◆ **Directions for this task**
For this exercise, please transcribe exactly and only the lines from the one containing "Bishop John at" through the end of the material, both ends included, without pictures.

◆ **Supplied data**
·····

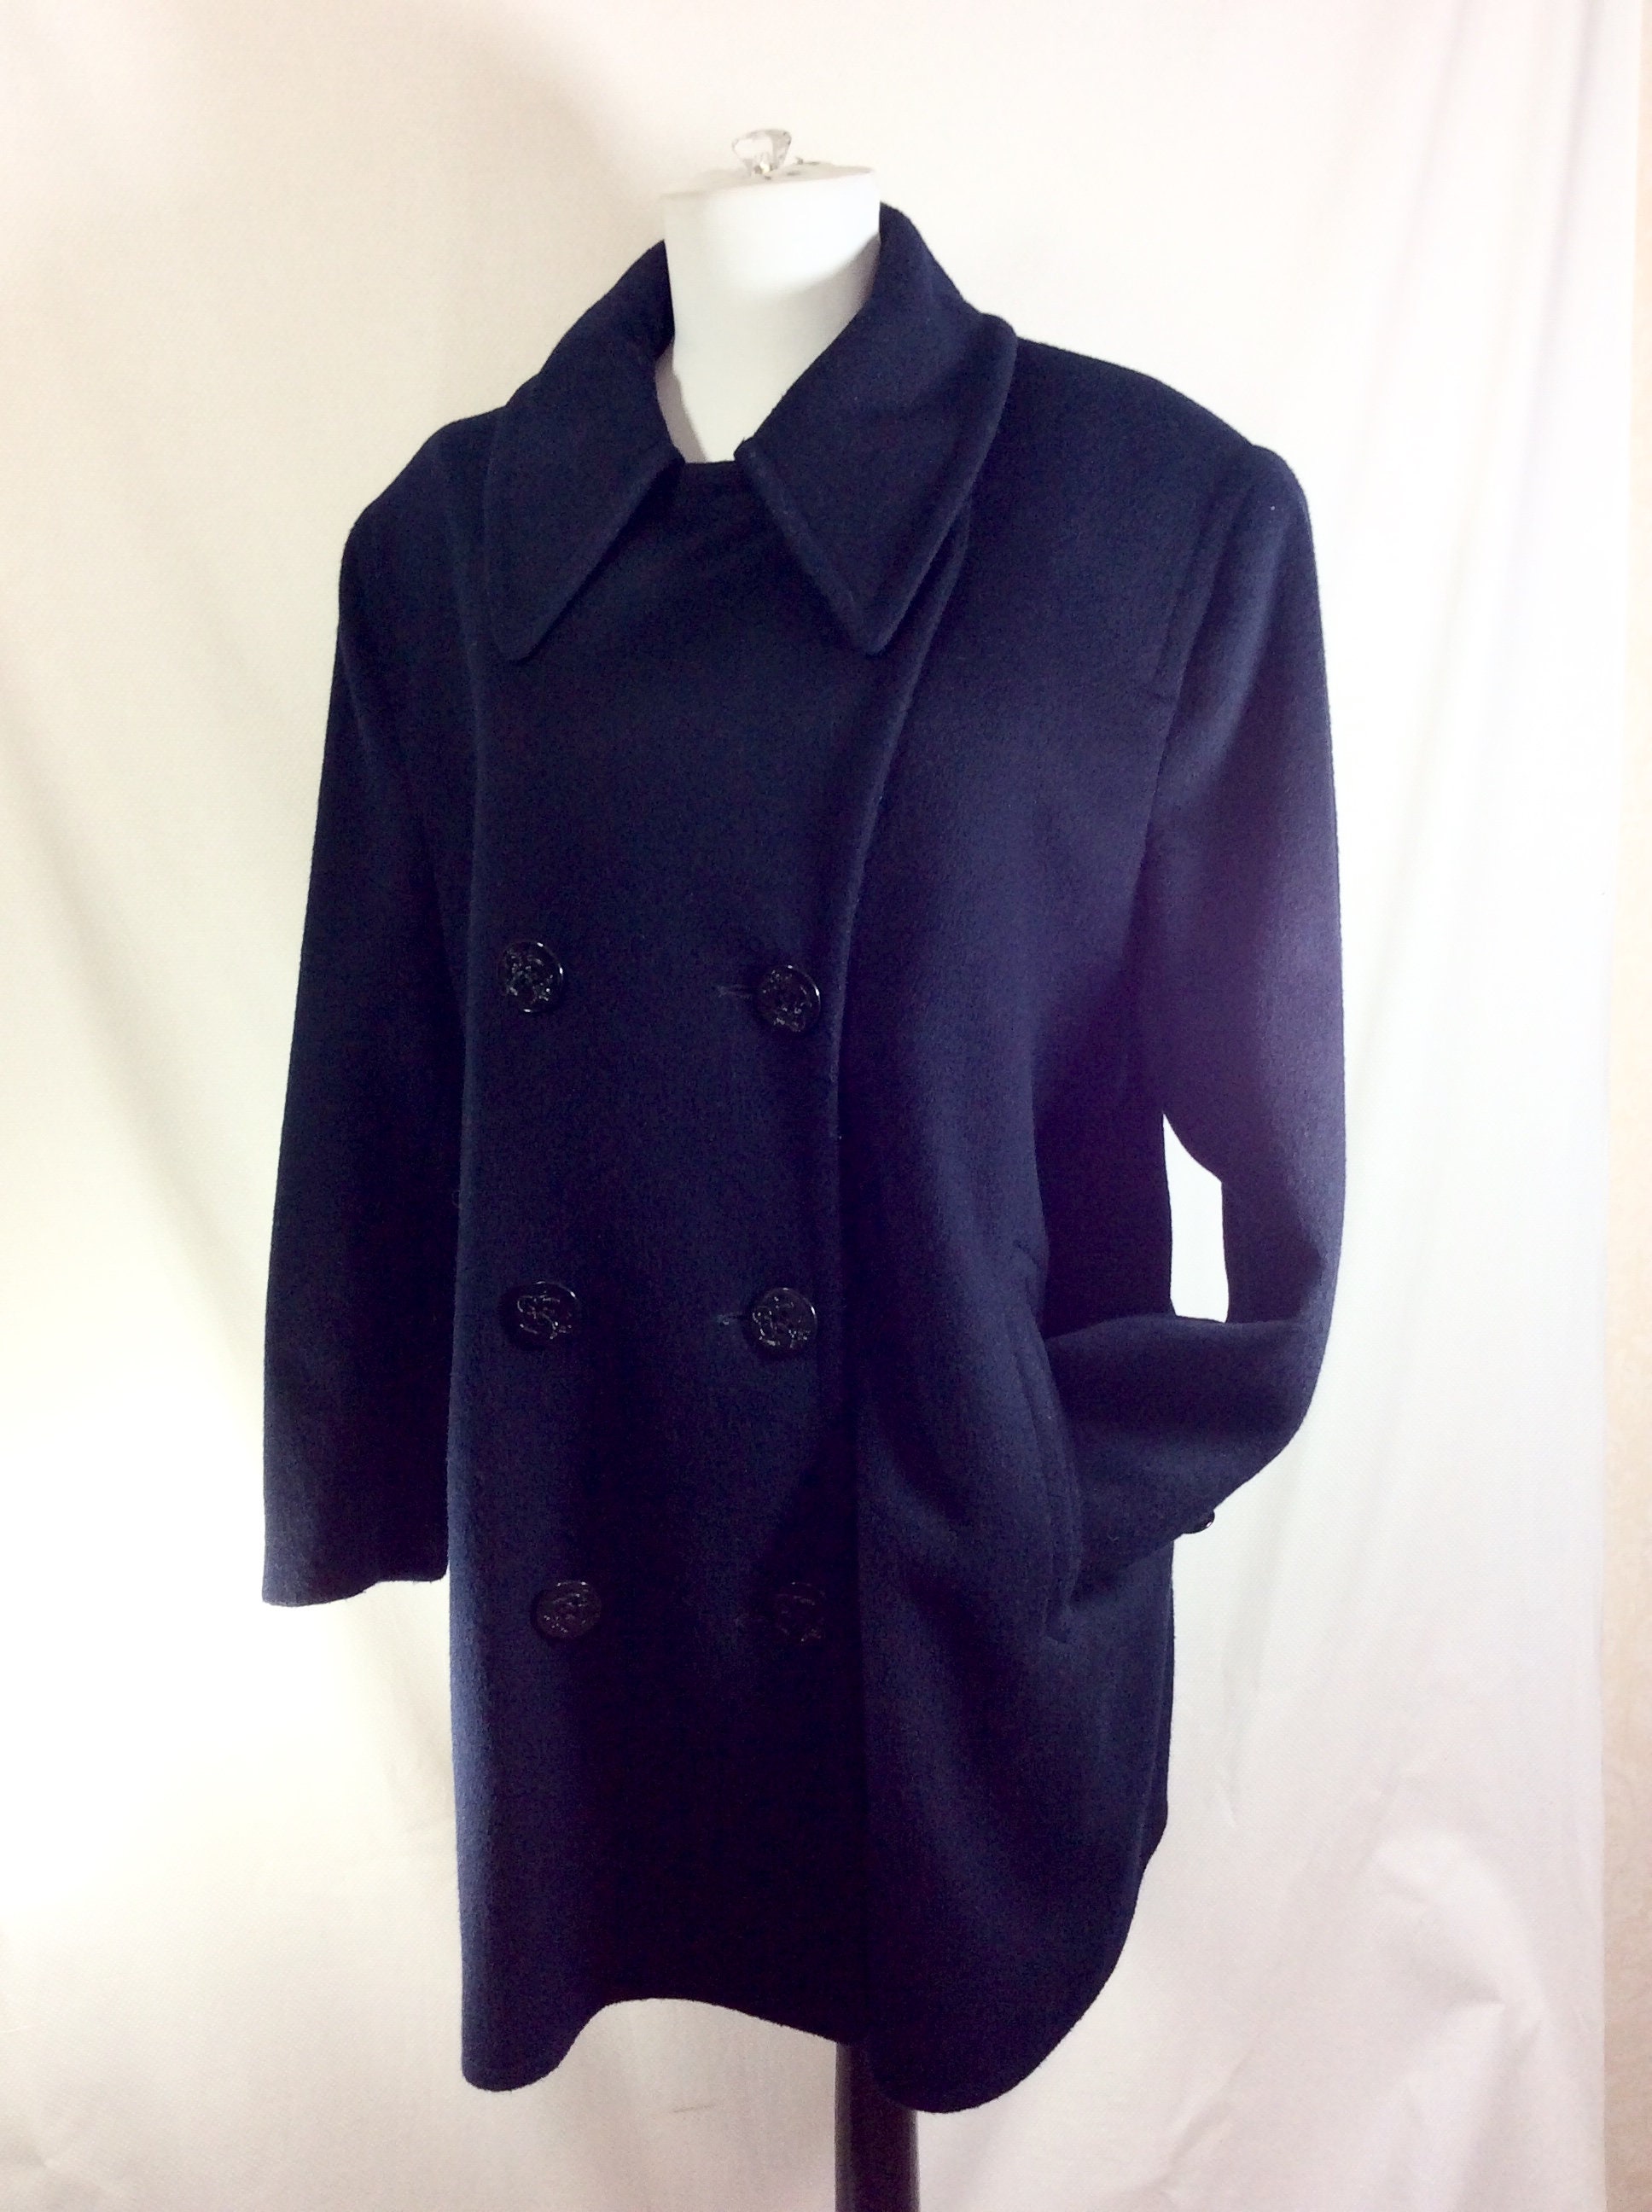 1960s Navy Blue Wool Double Breasted Peacoat with Anchor Buttons size XL
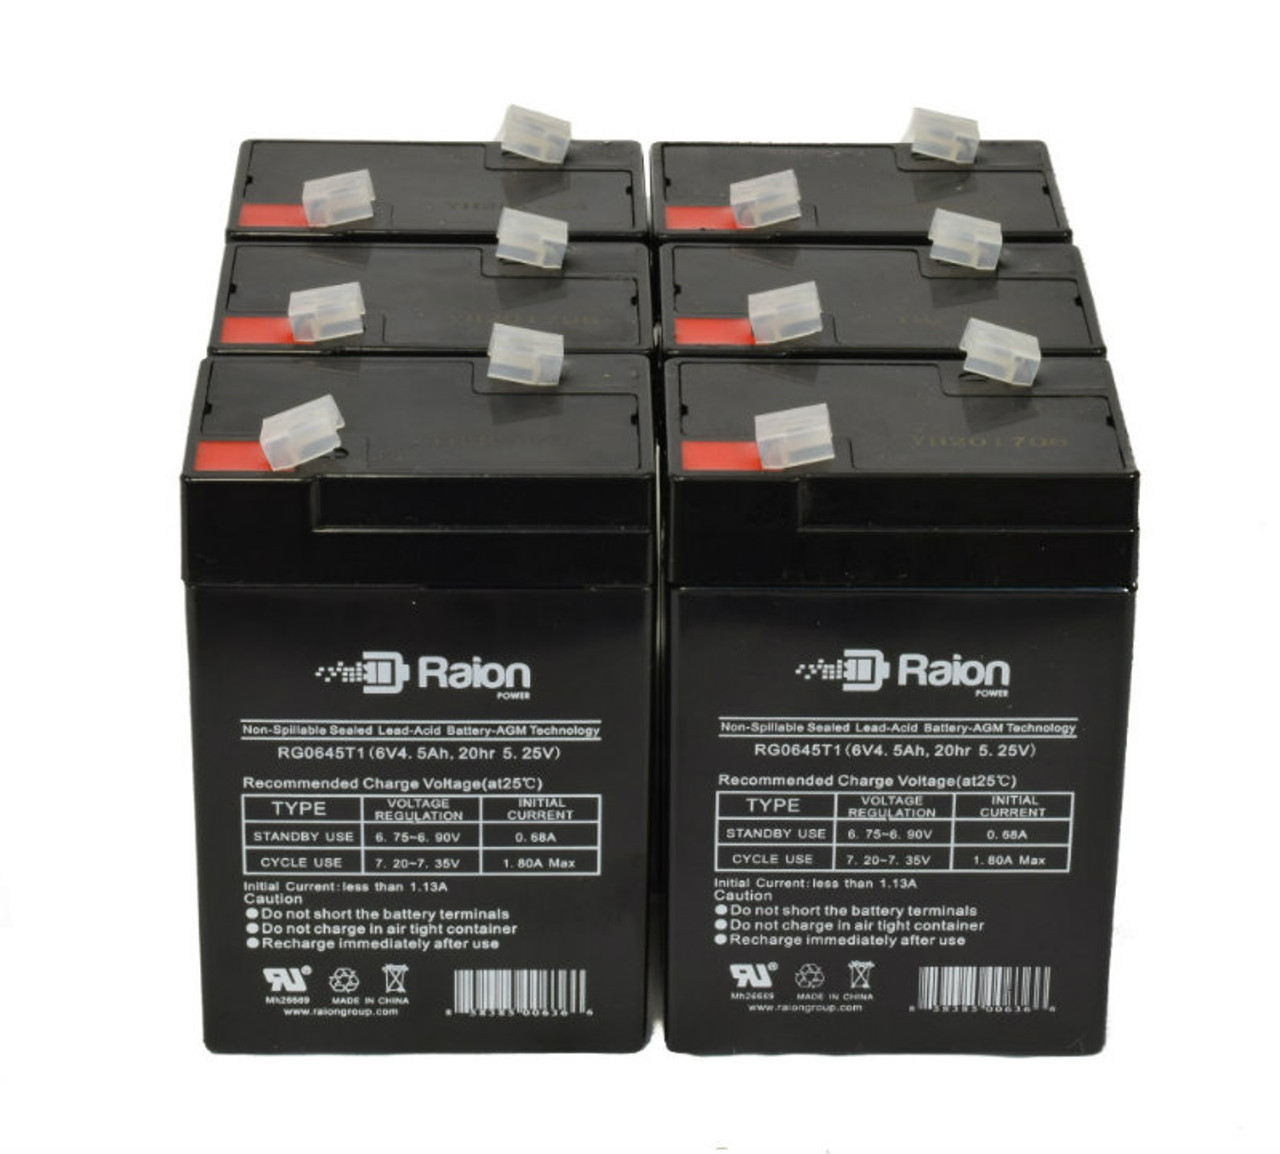 Raion Power 6 Volt 4.5Ah RG0645T1 Replacement Battery for Eastar FM640 - 6 Pack
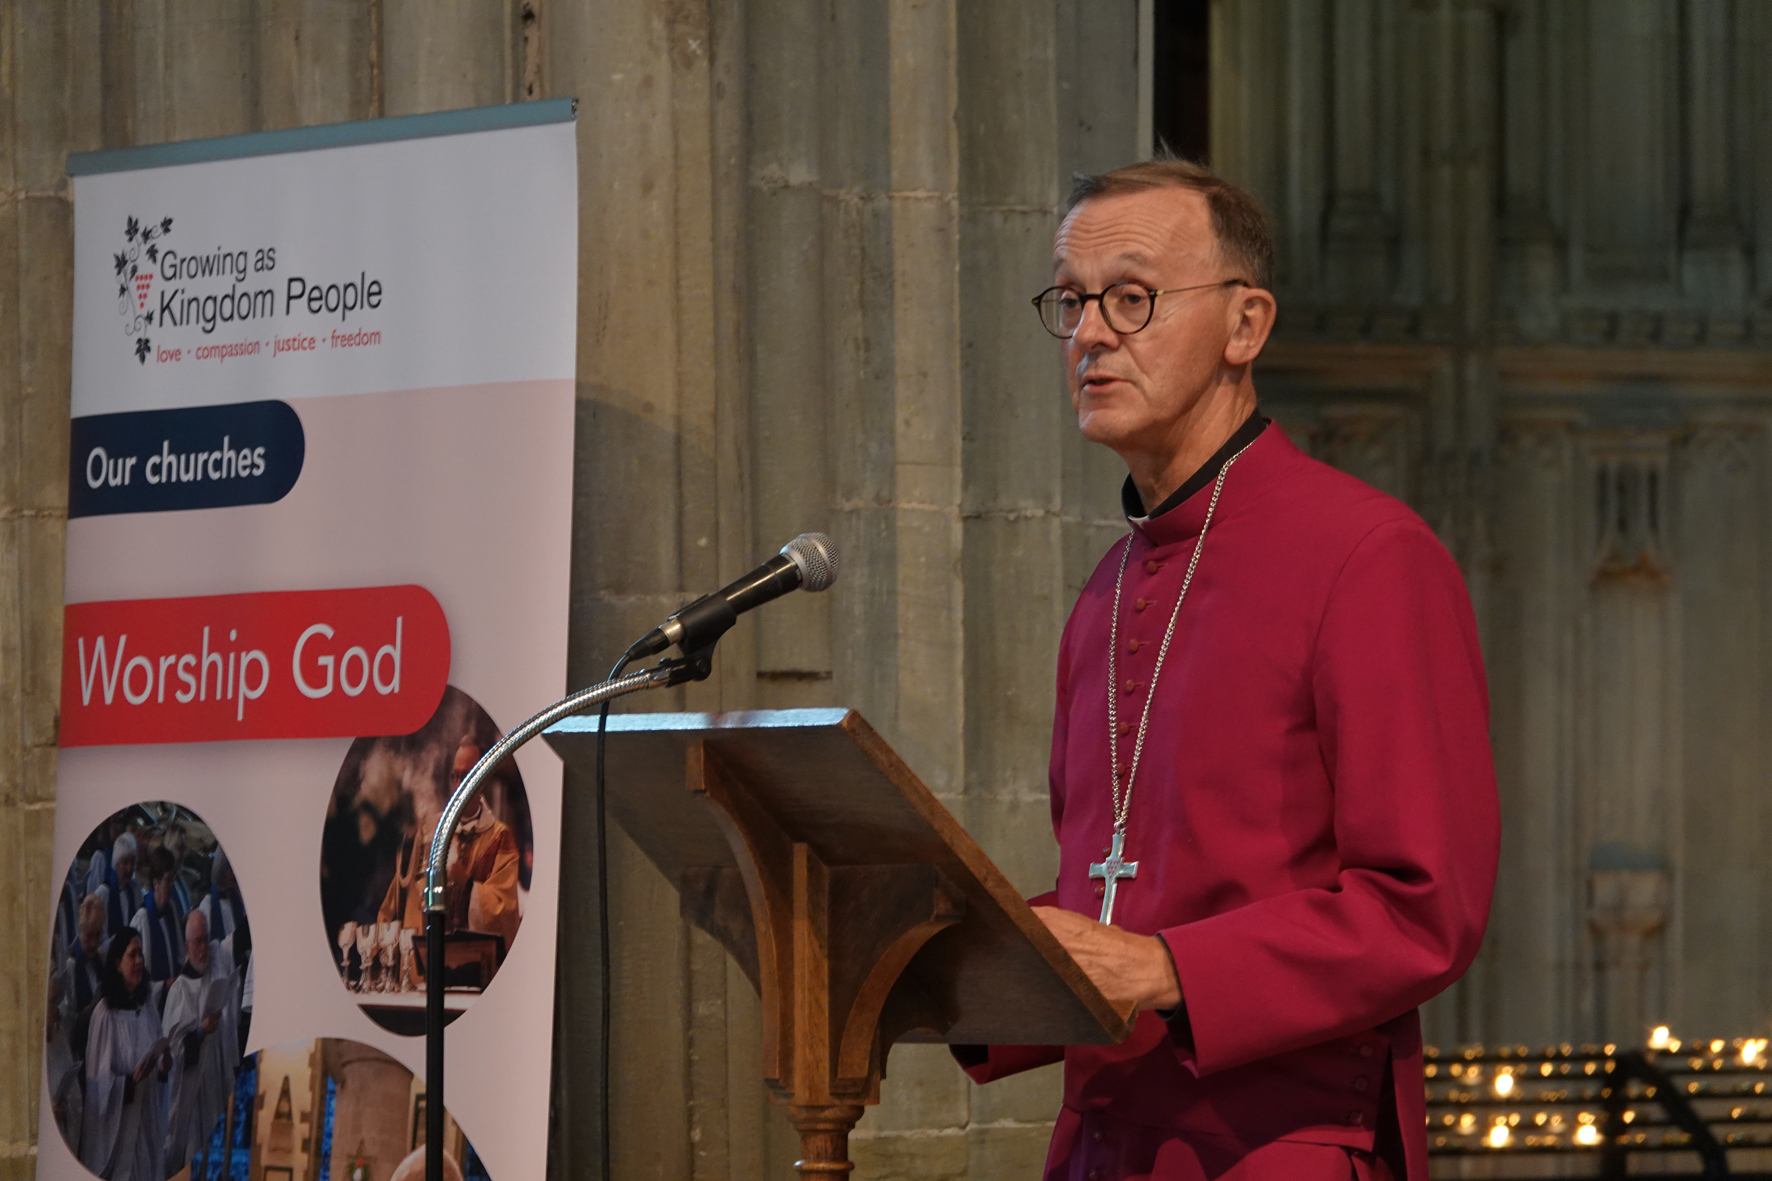 Bishop John at the lectern in the cathedral launching praying for growth
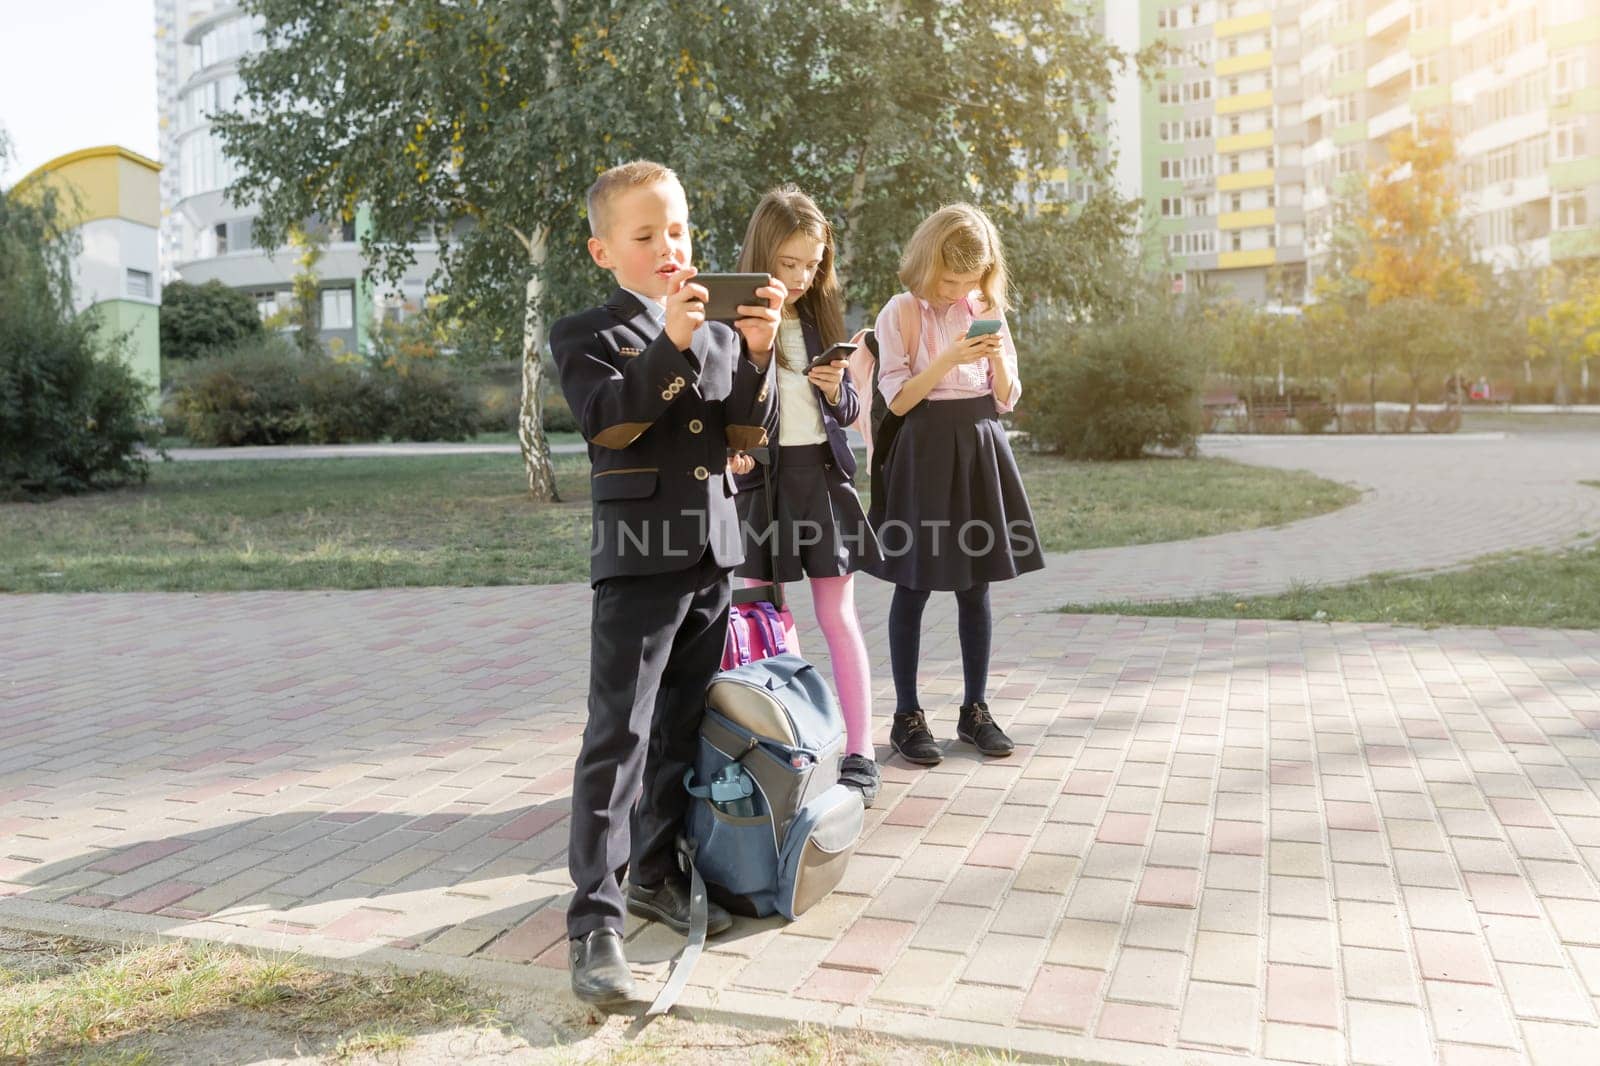 Children of elementary age with smartphones, backpacks, outdoor background. by VH-studio

·····

◆ **Response below**
 Bishop John at the lectern in the cathedral launching praying for growth
 Children of elementary age with smartphones, backpacks, outdoor background. by VH-studio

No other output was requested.